San Francisco Apartment Association
February 2009

lily's diary

Staterooms on a Sinking Ship

by Lily

November 28
My Republican friend, Harry, is still licking his wounds over the November election, when the San Francisco Bay Guardian’s left-wing slate won nearly every supervisor race, and most of the propositions. But Harry is a glass-half-full kind of guy, and he sent me an email reminding me that, at least, San Francisco voters didn’t give the nod to a George W. Bush Water Treatment Plant, or decriminalizing prostitution or the city’s takeover of PG&E. He also got some comfort from the success of the measure to support Junior ROTC in high school and the victory of two relatively nonideologue women on the school board (Rachel Norton and Jill Wynns).

All in all, however, it was a sad day for moderates—especially the property-owning kind. The easy passage of the “tenant harassment” measure made it clear that the city’s tenant advocates won’t be satisfied until we are all pushed to our limits. Don’t they understand that every measure punishing building owners is more motivation for condo or TIC conversion?

December 3
My pal Maggie and I always disagree over the role ex-Federal Reserve chairman Alan Greenspan played in our economic downturn. I’ve always liked the little guy so I give him the benefit of the doubt and blame the current mess on the excessive enthusiasm of Fannie and Freddie to secure all those loans to people who couldn’t afford them. Recently, however, I had to eat humble pie. There on page one of my breakfast newspaper was Greenspan saying that, yes, he had trusted the self-correcting power of the free market far too much. Before I had finished my coffee, Maggie had called to rub it in. Still, the idea of institutions issuing mortgages with only stated income makes me mad, and I balk at bailing them out. But no matter who or what is to blame, we can’t just let everything sink, especially when we find we have booked staterooms on the same ship.

December 14
The tenant in Apartment #1 has guns. Yes, Phil has been a member of the Pacific Rod and Gun Club for as long as he’s been with me, and that’s a lot of years. Now that he’s retired, he goes out to Lake Merced twice a week to shoot skeet. The neighbors across the street from the club would like to see it go (even though it was there a long time before they were). To make matters worse—for the neighbors, that is—the SFPD shooting range is next door to the gun club.
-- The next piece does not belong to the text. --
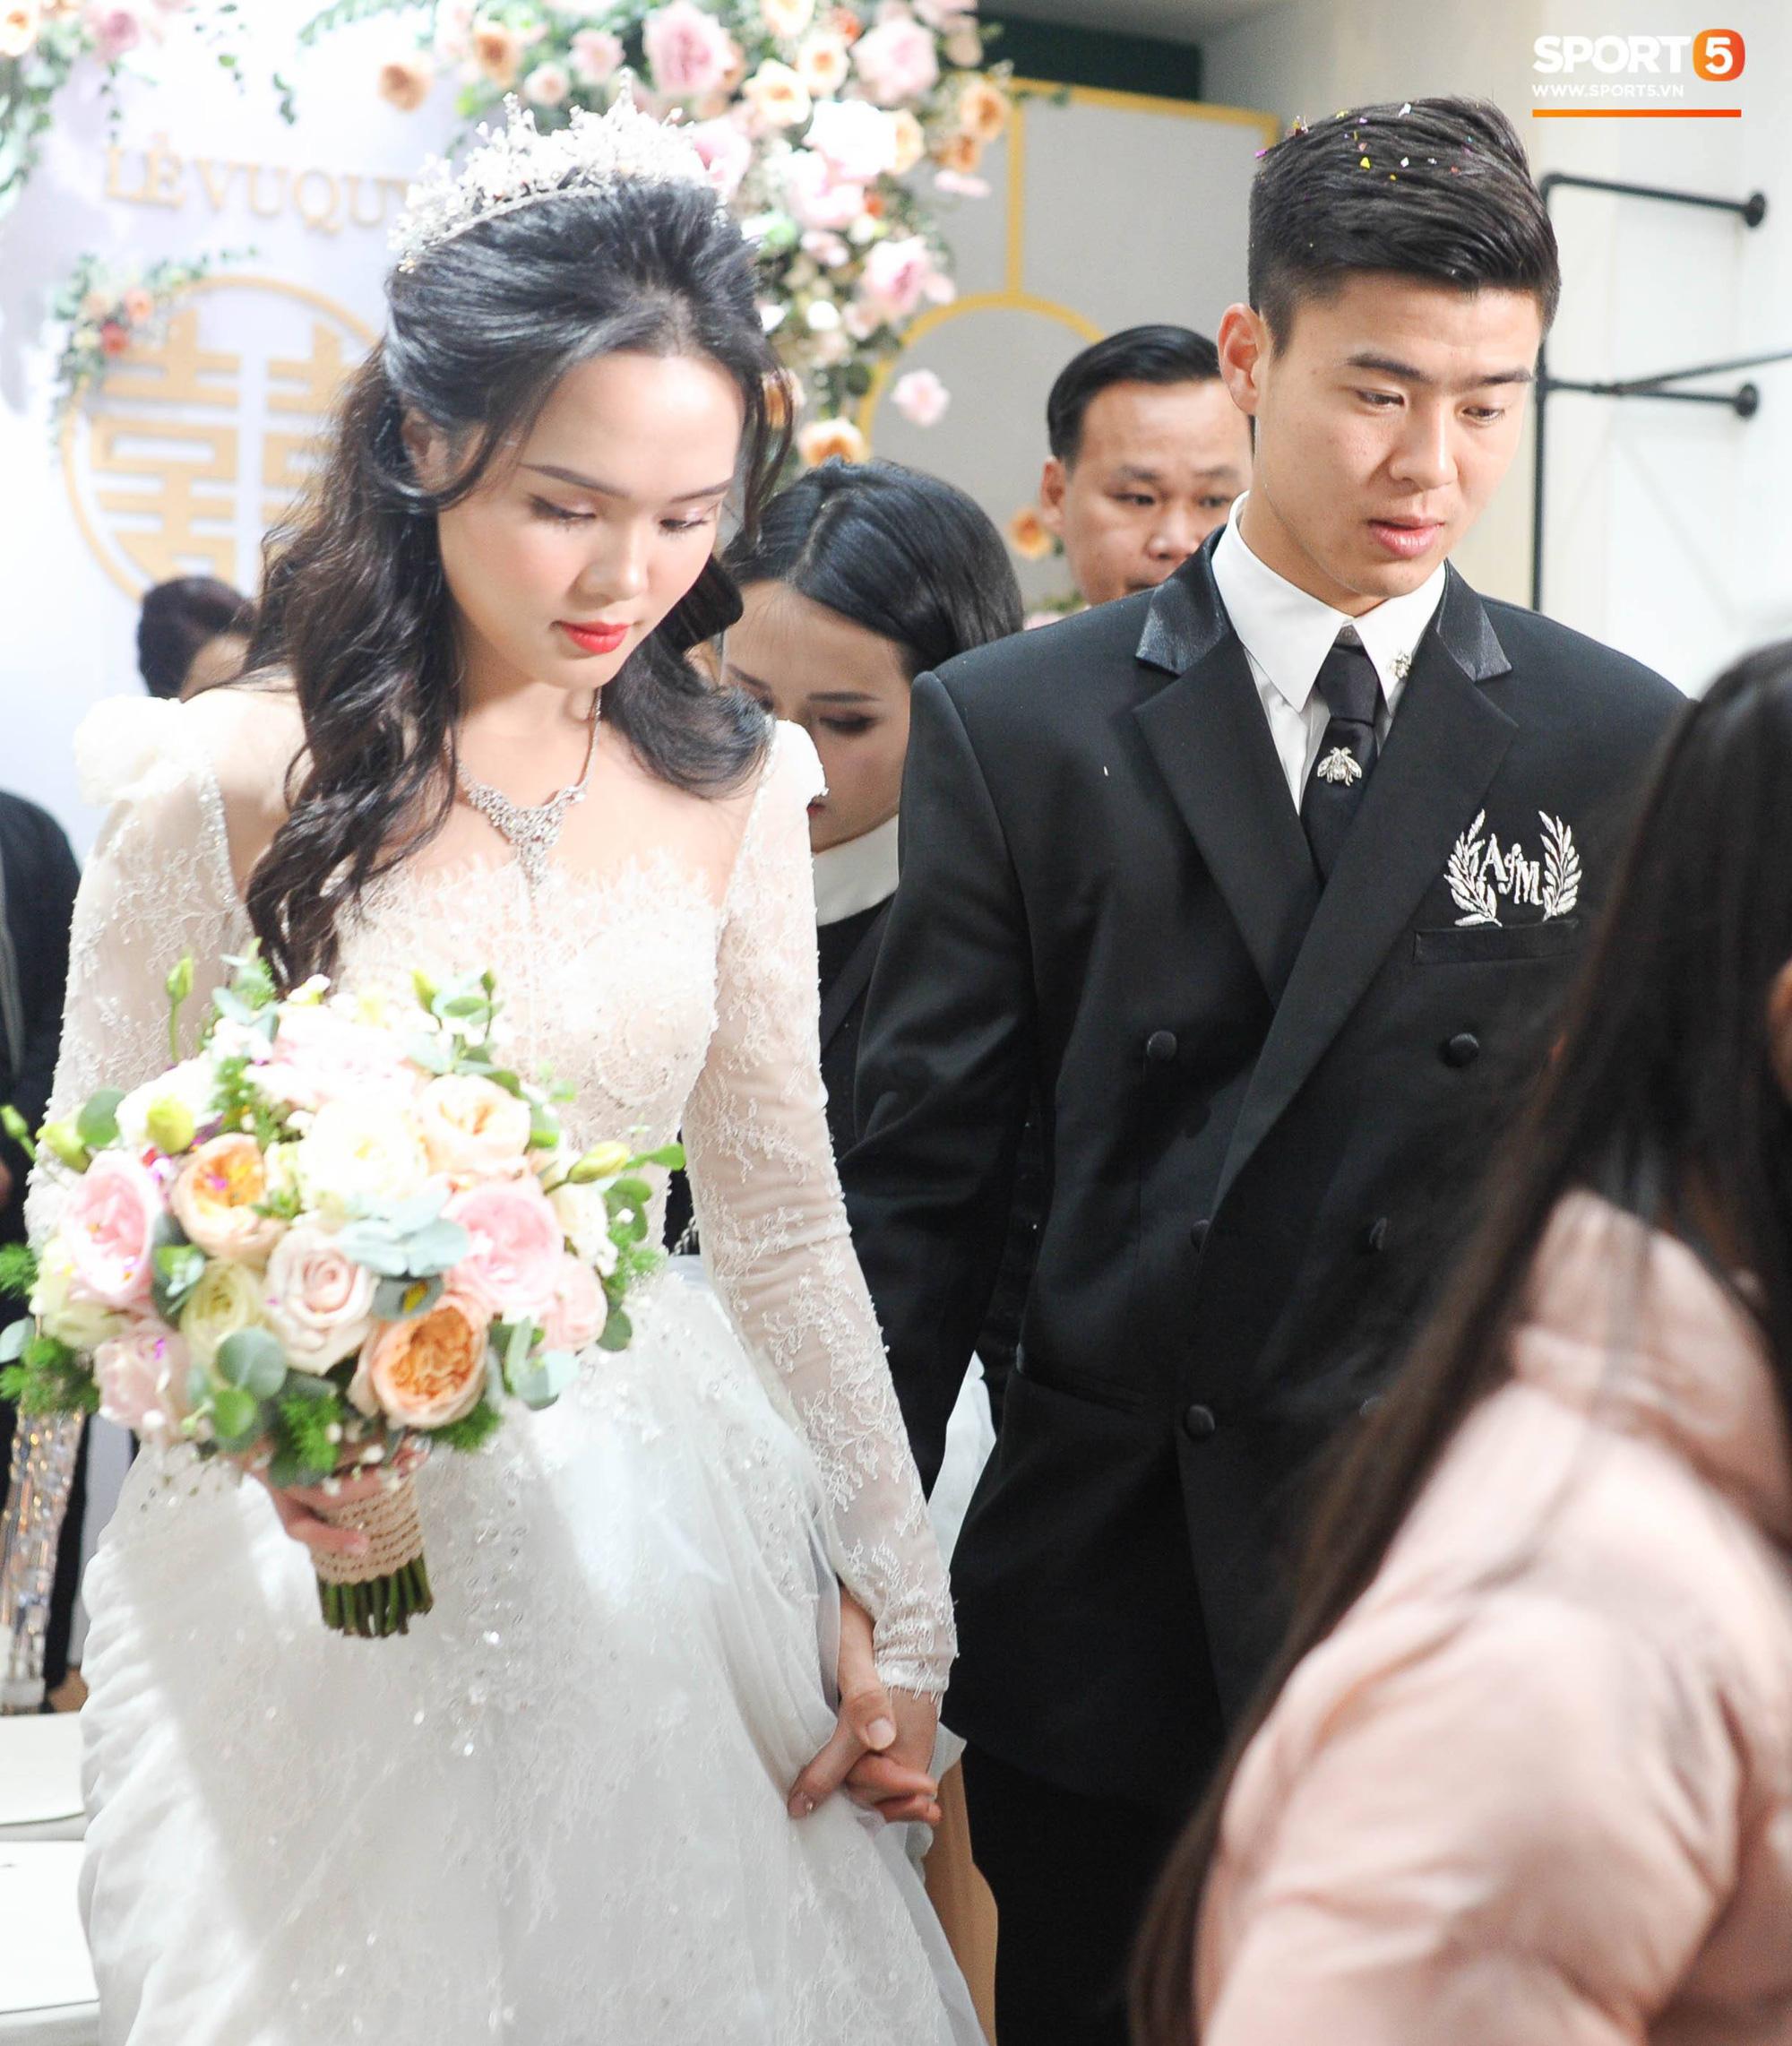 Sau lần 'trang điểm sương sương' tai hại, thợ make-up đã sửa sai giúp Quỳnh Anh trở thành công chúa thật sự 9

That’s a lot of bang, bang.

On top of that, the PUC, which took over management of Lake Merced earlier this year, has drafted a master plan for the area. In it, you will find no place for the venerable club. In fact, the old clubhouse, built in the 1930s, is now designated for “ecological protection and restoration.” Having been out there for various events, I’d say that some of its members could use a little protection and restoration, too. The PUC plan has backing from all the big players in the public parks’ game: The Neighborhood Parks Council, SF Beautiful, Nature in the City, Audubon and the Sierra Club. It appears that the deck is loaded (no pun intended) against the riflemen. Ah, San Francisco, city of diversity and tolerance—so long as it doesn’t involve ROTC or guns.

December 22
Do you charge your tenants their portion of the city’s annual Rent Board fee? This year it is $29 per unit, which means each tenant can be billed one-half or $14.50. I don’t do it. It’s not that I’m so big hearted but, rather, that I don’t want to encourage my tenants to utilize a service they’re paying for. (“Hmm, look at this extra charge on my rent. I wonder what I get for that?”) I want my tenants to stay as far away from the Rent Board as possible. The mischief potential of a prickly tenant armed with 60 pages of city rules and regulations keeps me treating them like, well, prospective in-laws.

December 29
Landlords have been demonized so much that some tenants simply won’t cut you any slack. My neighbor, Lola, who has two flats further up the block, said she received a letter last week from a tenant legal association saying that she was engaging in an illegal criminal act by deliberately depriving tenants of hot water. Seems the pilot light blew out and, rather than calling Lola, the tenants assumed the worst (or smelled the opportunity for a possible rent decrease) and fled to seek legal remedy. Fortunately, PG&E wrote a letter in Lola’s defense saying that it was not unusual for a pilot light to go out. Case closed.

January 5
In spite of Alan Greenspan’s professed disillusionment with the free market (see above), sometimes you just have to stop and marvel at how it actually works (when it does work). My friend manages a large building in Pinole and tells me that most of her new tenants are coming from foreclosed homes. Considering the present economic situation, if failure to pay a home loan is the only default on a prospective tenant’s record, she is willing to look the other way. But, in spite of this new source of renters, her vacancy rate has stayed the same. That’s because those very same foreclosed single-family homes are now on the market at an affordable price. The tenants with good credit can now afford to buy one of these severely discounted properties, even if that might mean living on a block with brown lawns for a while.

January 12
I have a love-hate relationship with SF Planning and Urban Research Association. I’ve been a member for many years (at $65 for a basic membership), regularly read its excellent monthly magazine and occasionally attend its noontime lectures. But deep inside I question its view of our city’s future. Director Gabriel Metcalf writes eloquently about the new urbanism, arguing that greater density (changing current zoning to build higher) provides vastly more overall energy savings than more traditional measures like recycling and low-fuel cars. But I wonder if that’s what we want for San Francisco?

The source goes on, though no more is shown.